*** Opening of Stored data ***

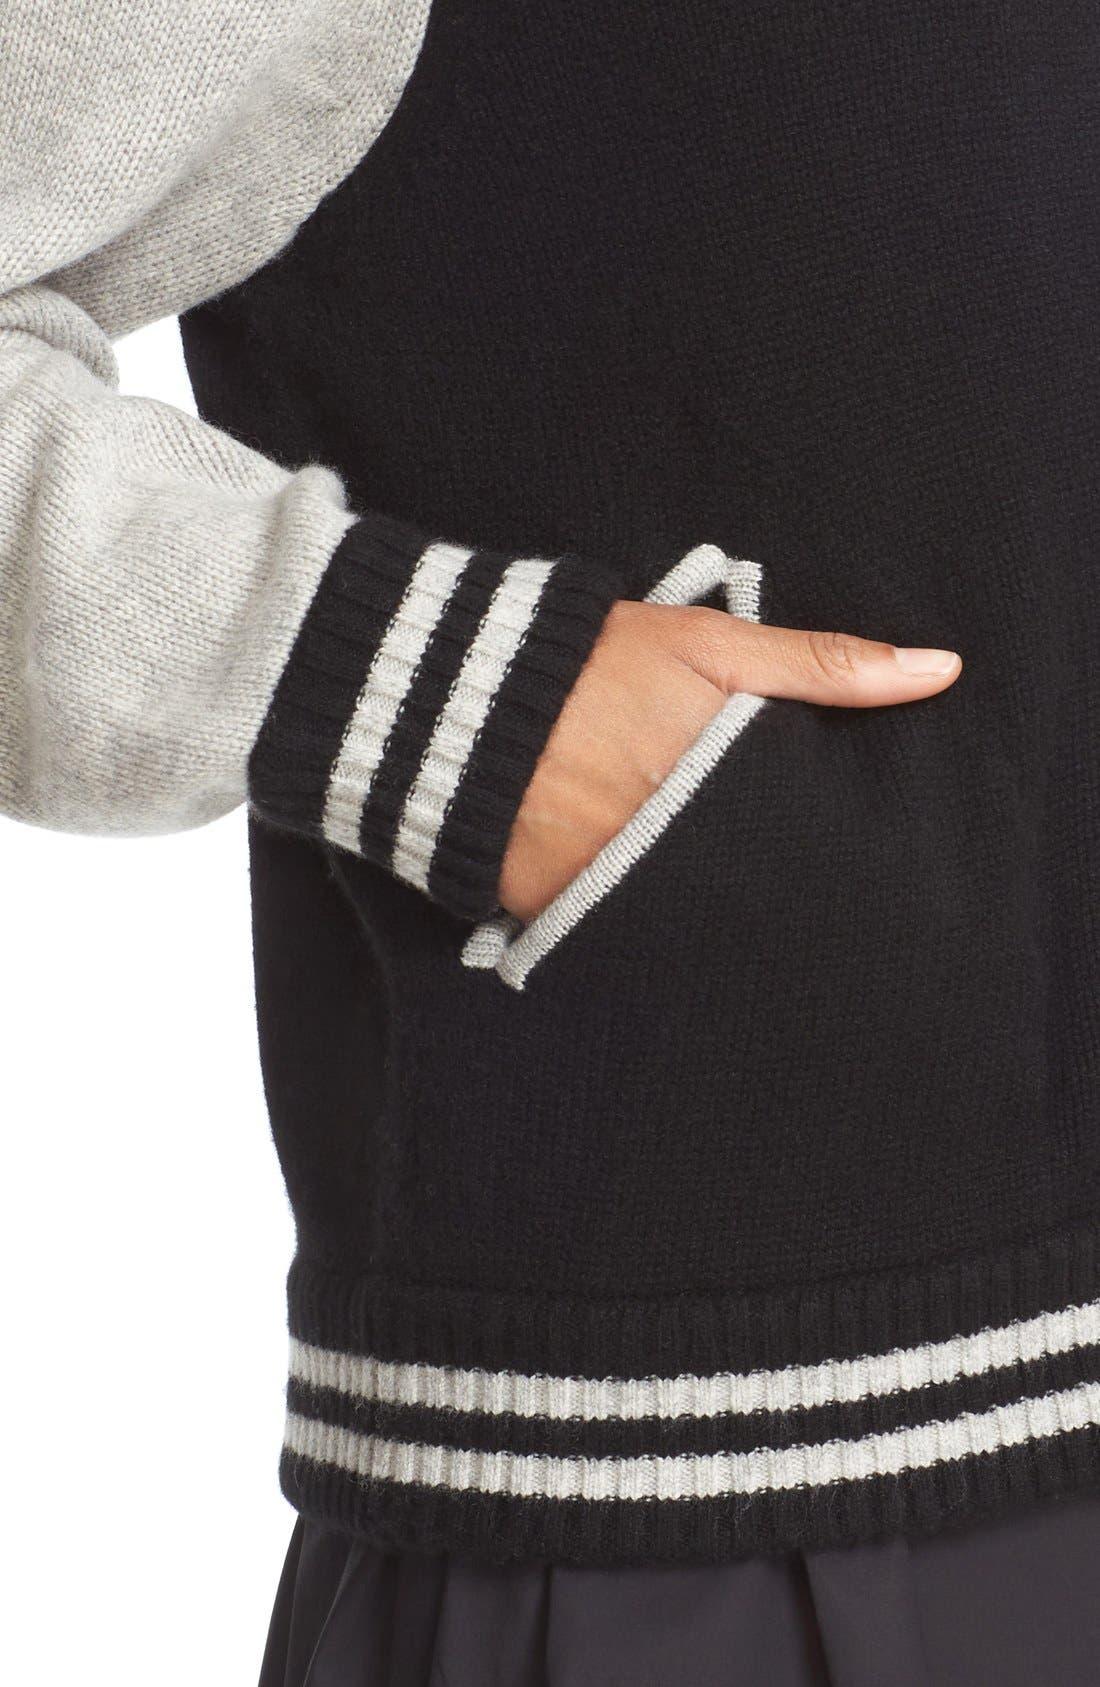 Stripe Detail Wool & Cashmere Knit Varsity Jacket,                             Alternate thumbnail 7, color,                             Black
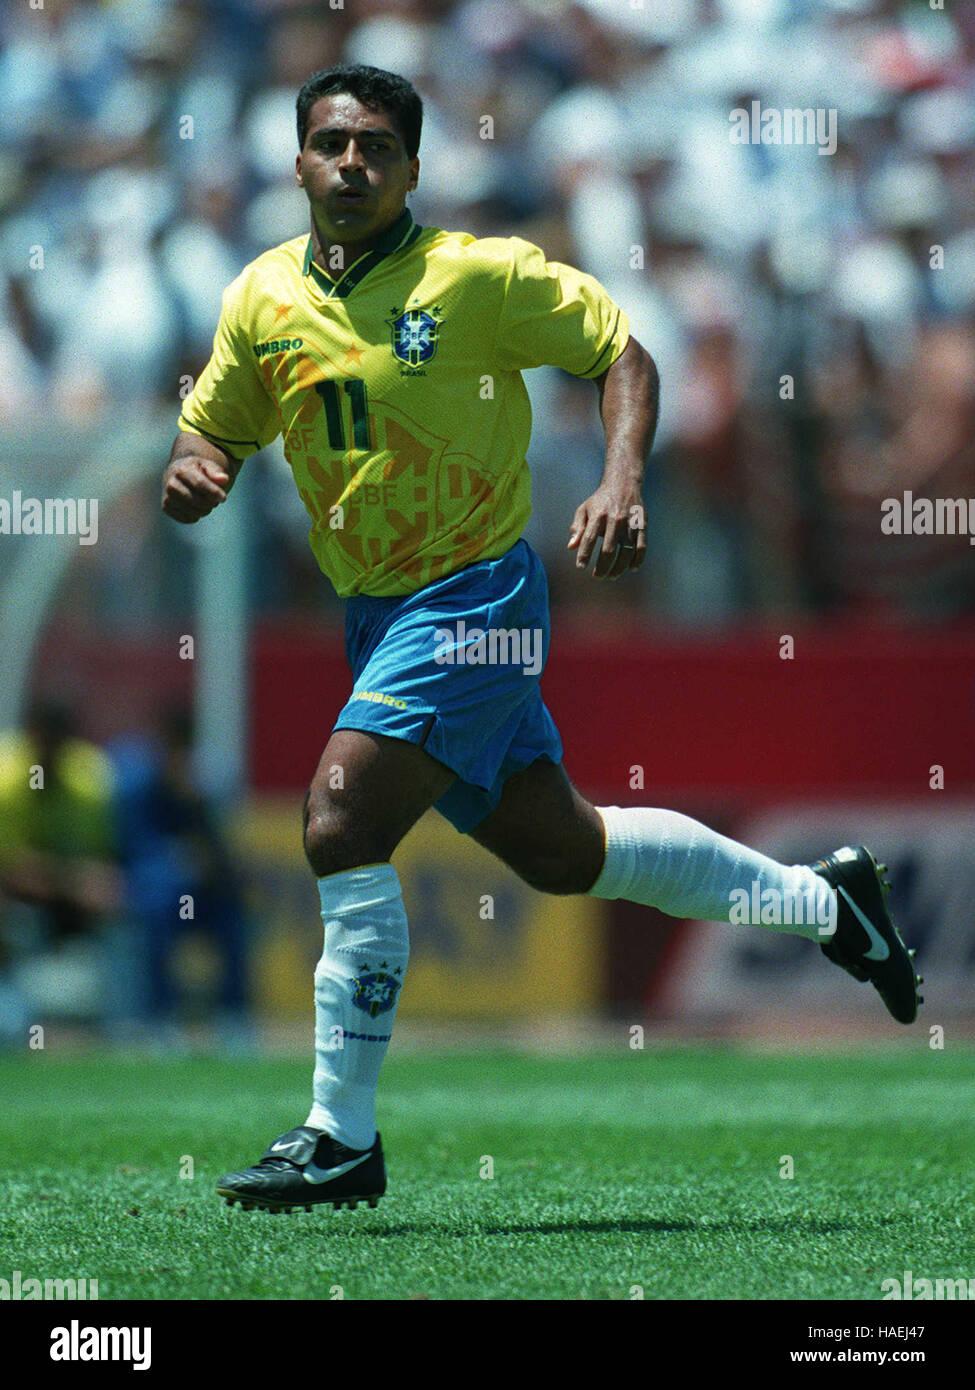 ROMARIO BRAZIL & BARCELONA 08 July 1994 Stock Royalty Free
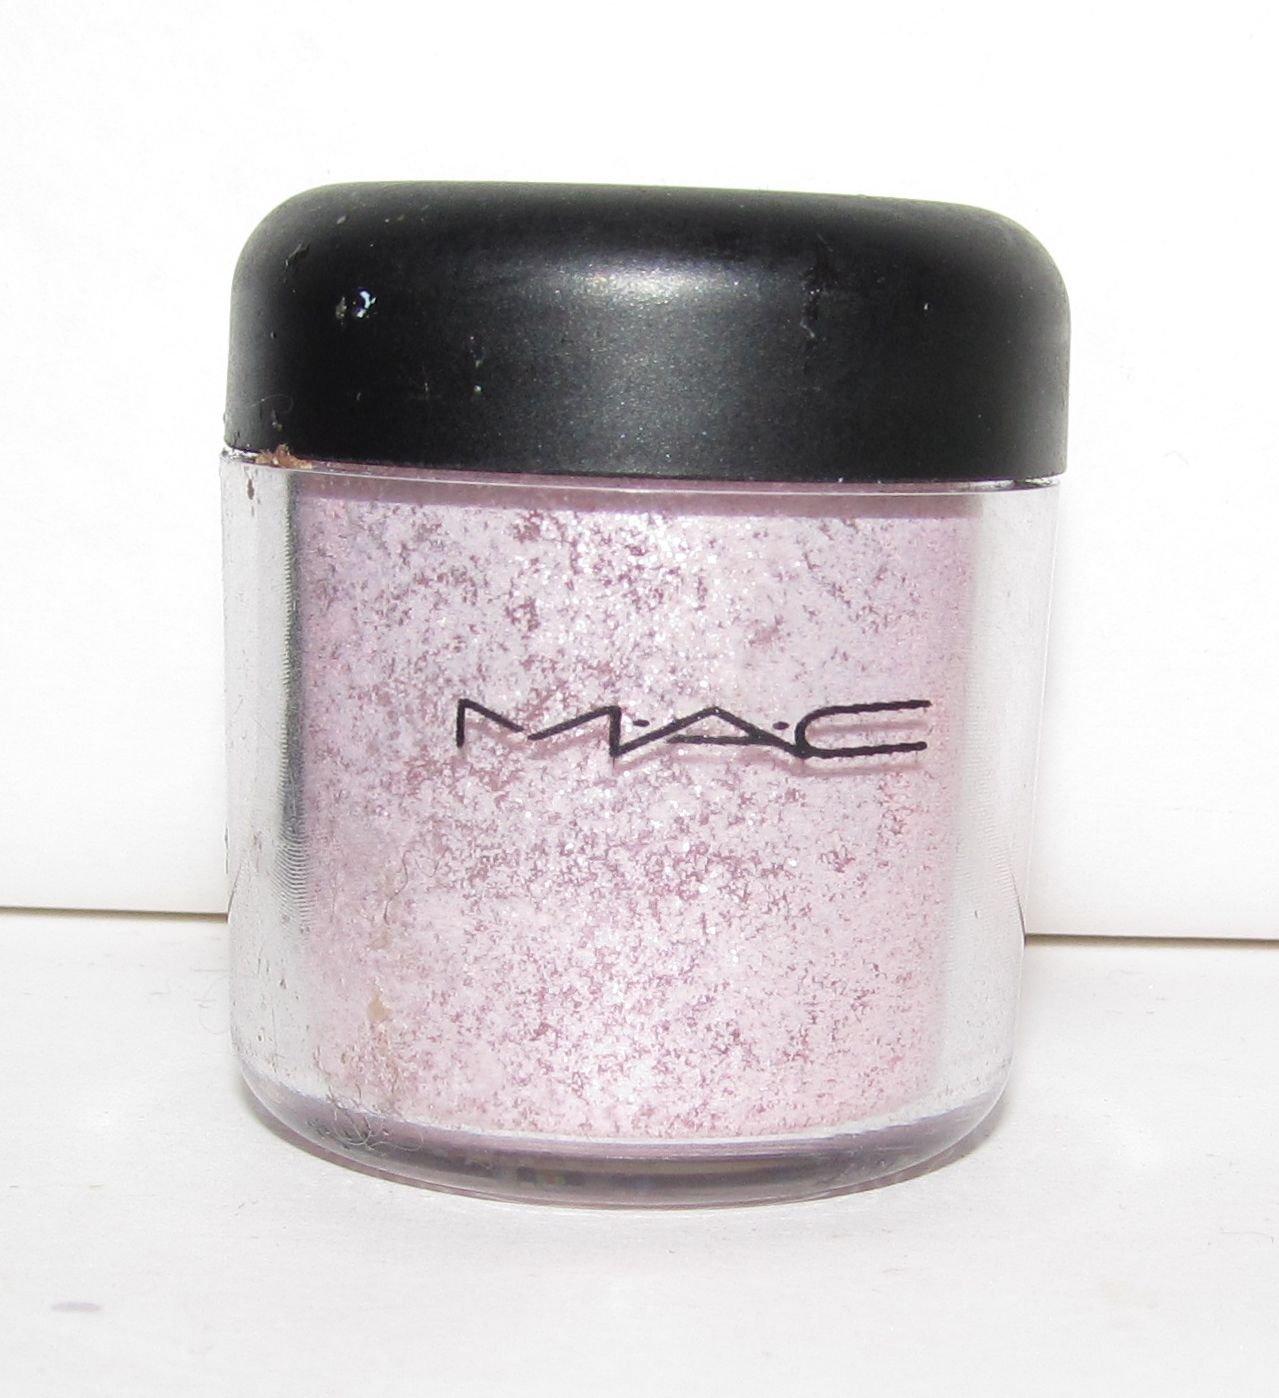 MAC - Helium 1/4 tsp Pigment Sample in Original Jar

*** Close of Stored data ***

Please write out all of the data verbatim, with no pictures in the copy.

• Your solution:
 Stripe Detail Wool & Cashmere Knit Varsity Jacket,                             Alternate thumbnail 7, color,                             Black
 ROMARIO BRAZIL & BARCELONA 08 July 1994 Stock Royalty Free
 MAC - Helium 1/4 tsp Pigment Sample in Original Jar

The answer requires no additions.